On Monday, the Education Secretary, Justine Greening, announced an extra £1.3 billion funding for schools between 2018 and 2020.

The leader of the ASCL head teachers’ union, Geoff Barton, said it was a ‘step in the right direction’.

But teachers’ unions ATL and NUT said in a joint statement that the extra funding ‘isn’t enough to stop the huge cuts that schools are making’, and Ms Greening’s announcement amounted to ‘smoke and mirrors’.

FactCheck looks at the figures.

£1.3 billion extra funding. That means schools will have more cash to spend, right?

Yes and no.

Since 2010, education spending per pupil has fallen in real terms. Between 2010 and 2015, it fell by 14 per cent. Compare that with the period 1998 to 2010, when funding per pupil increased by 5 per cent each year on average, according to the Institute for Fiscal Studies.

And in 2015, the government announced further cuts that would have seen school funding per pupil fall by an extra 6.5 per cent by 2020. Since that announcement, spending per pupil has already fallen by 4.6%, compared to 2015 levels.

Justine Greening’s statement on Monday effectively cancelled the remaining 1.9 per cent cuts that were due to take place before the end of 2020.

So school spending per pupil will remain at the same low level for the next two years.

But Luke Sibieta from the Institute of Fiscal Studies pointed out that this is an average position, and the effect on individual schools will depend on the new funding formula (which we subjected to the FactCheck treatment back in May).

He said that ‘some schools could receive cash-terms increases in funding per pupil of around one per cent between 2017-18 and 2019-20 (meaning a real-terms cut), whilst others could receive gains of around six per cent over the same period’. He said it will be up to local authorities to decide how much each school receives.

Where’s the money coming from?

This is not new money from the Treasury.
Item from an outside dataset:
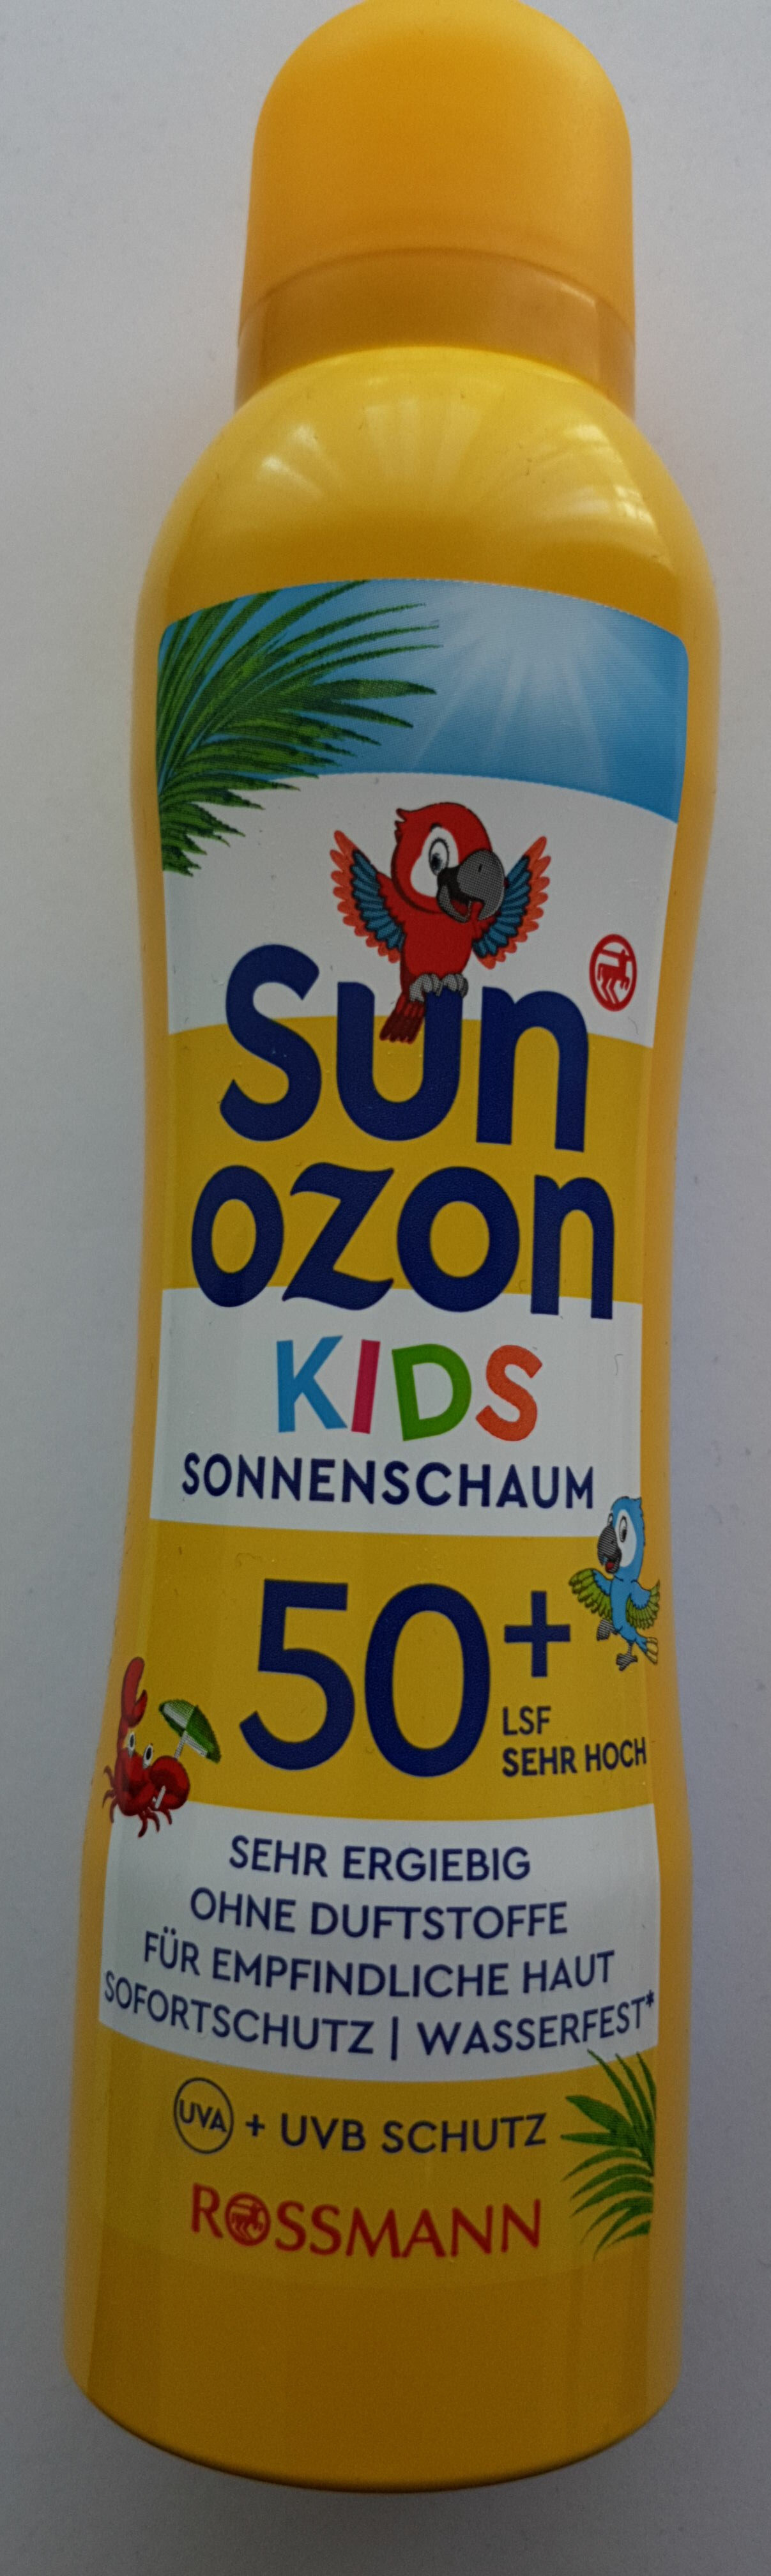 Sun ozon kids - Produkt - de

As the Education Secretary said in the Commons, the additional investment in schools ‘will be funded in full from efficiencies and savings […] rather than higher taxes or more debt’.
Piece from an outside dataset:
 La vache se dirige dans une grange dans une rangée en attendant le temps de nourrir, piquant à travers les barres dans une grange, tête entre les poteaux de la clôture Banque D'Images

Ms Greening said that the £1.3 billion in extra cash for schools will be made up of:

  • £420 million from ‘efficiencies and savings across [the education] capital budget’, of which £315 million will come from cutting funding for ‘healthy pupils’ scheme.
  • £280 million from the free schools budget. The Education Secretary says means that only 110 of the 140 free schools announced at the Budget will go ahead. The remaining 30 schools will still be opened, but as standard local authority-run institutions.
  • £600 million from the Department for Education ‘resource budget’.

In other words, Ms Greening plans to raid parts of her overall education budget to pay for ‘core’ schools funding.

FactCheck verdict

Monday’s announcement of an extra £1.3 billion for schools will spare them the cuts they were due in the next two years. However, since 2015, funding per pupil has fallen in real terms by 4.6 per cent. Spending per pupil will remain at the same low level for the next two years.